L’Espagne et l’Allemagne briguent les postes les plus élevés à la Banque centrale européenne

Le coup d’envoi est sur le point de tirer sur la course à la succession de Christine Lagarde à la présidence de la Banque centrale européenne en 2027, et deux pays poids lourds qui n’ont jamais occupé ce poste semblent susceptibles de se présenter : l’Espagne et l’Allemagne.

Madrid est resté visiblement silencieux sur la nomination d’un remplaçant à son représentant actuel au conseil d’administration, Luis de Guindos, qui s’apprête à quitter la vice-présidence en juin. Cela a alimenté les spéculations sur les marchés et les cercles politiques selon lesquelles le quatrième membre de la zone euro visait un prix plus important.

La BCE s’apprête à procéder à un remaniement majeur de sa direction au cours des deux prochaines années, créant une opportunité rare pour les gouvernements nationaux d’installer des personnalités de confiance à la tête de l’une des institutions les plus puissantes de l’UE.

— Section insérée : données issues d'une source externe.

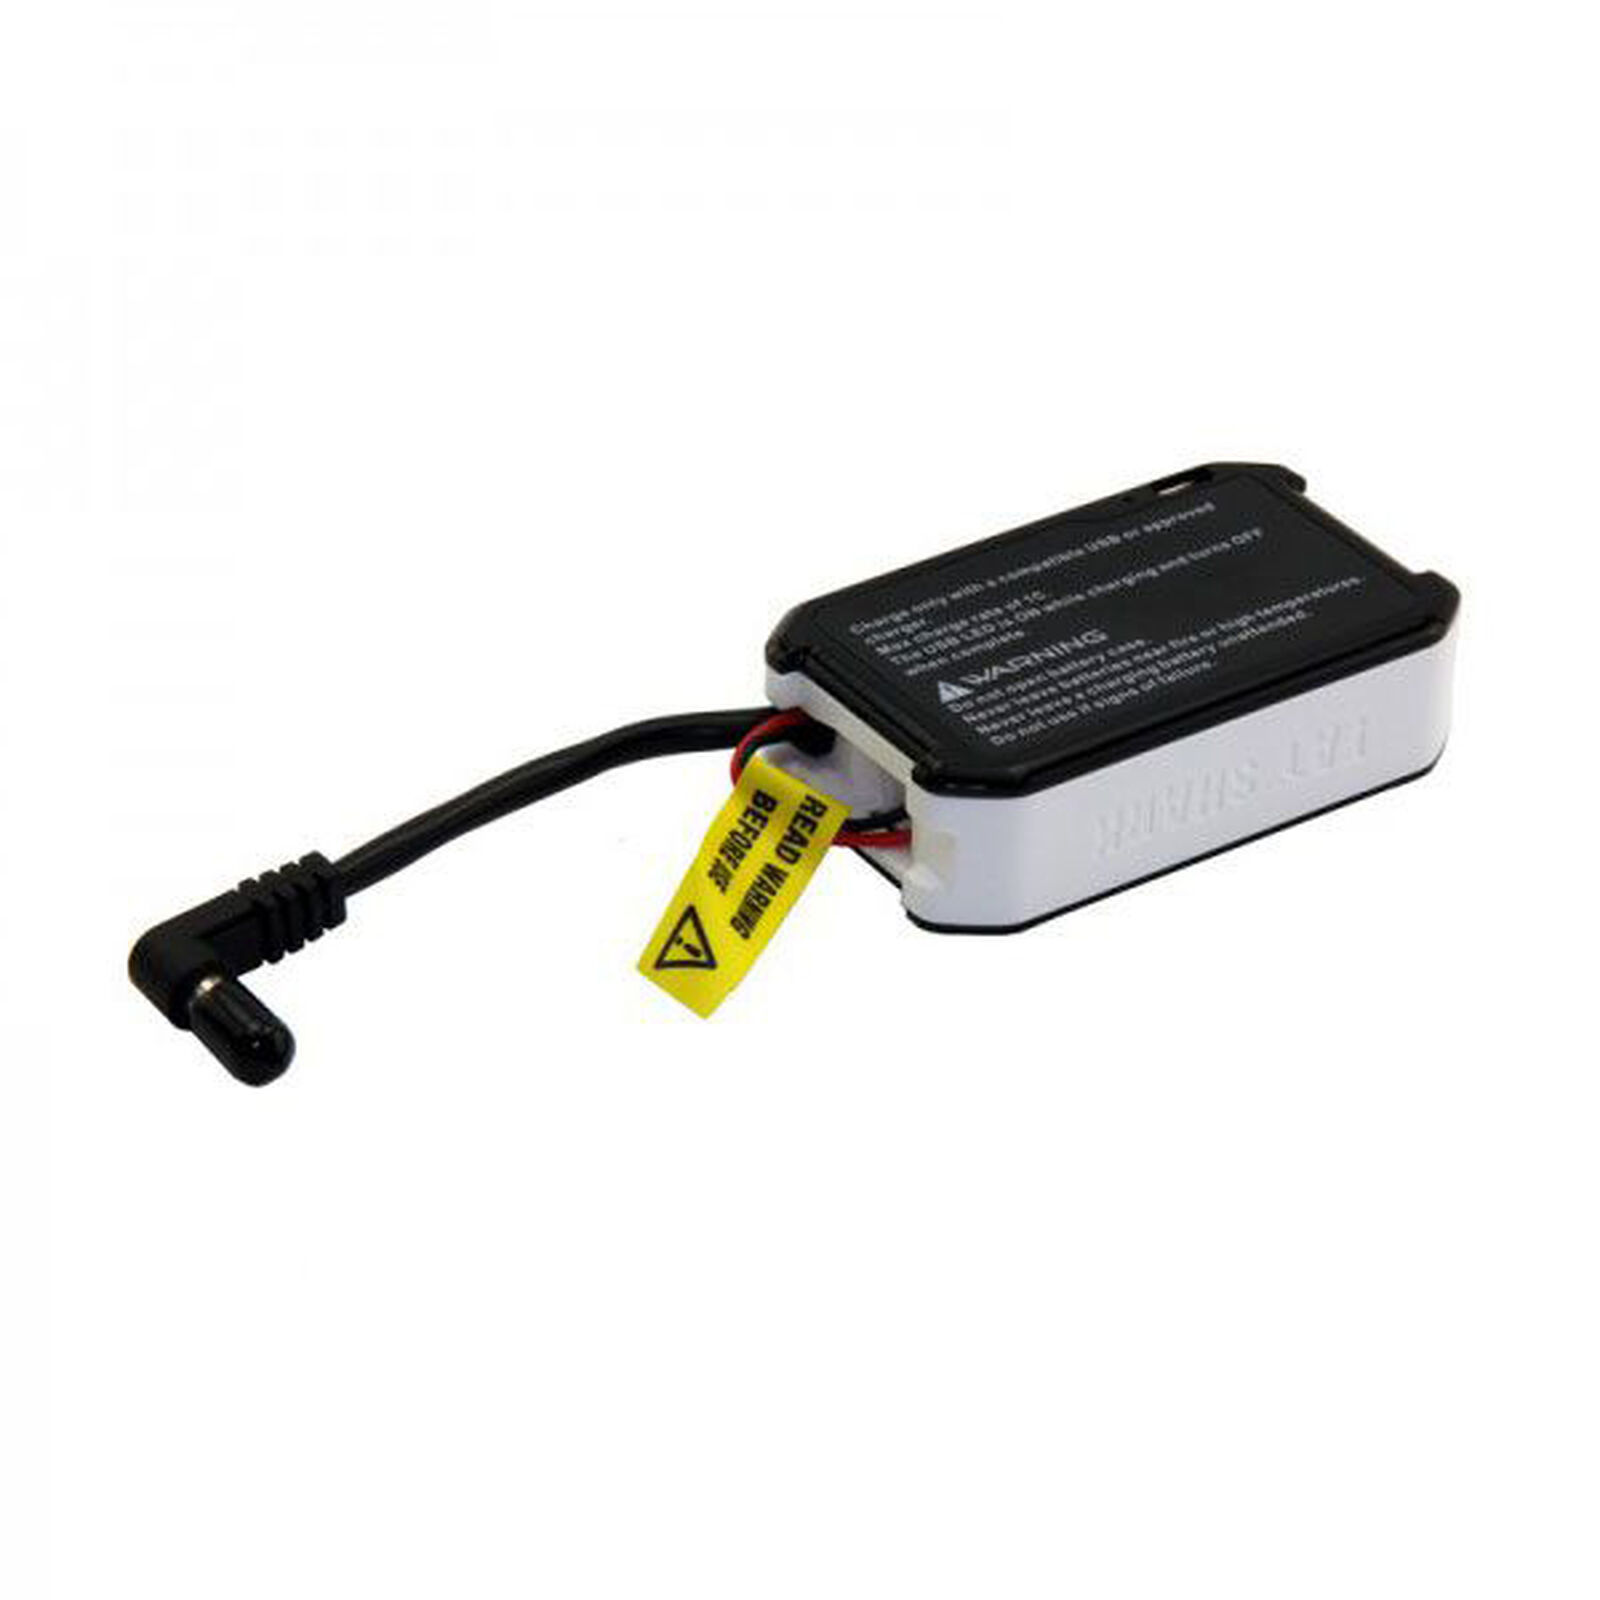 7.4V 1800mAh Li-Po USB Charging Battery Pack

Le poste de De Guindos est à pourvoir en mai de l’année prochaine, tandis que le poste d’économiste en chef, la présidence et l’importante division des marchés deviendront tous vacants en 2027.

Alors que l’Allemagne, la France et l’Italie ont toujours occupé l’un des six sièges convoités du Conseil d’administration, l’Espagne a enduré une interruption de six ans sans représentation. S’il reste silencieux alors que les autres sièges du conseil d’administration se remplissent, cela indiquerait clairement que l’Espagne veut la première place.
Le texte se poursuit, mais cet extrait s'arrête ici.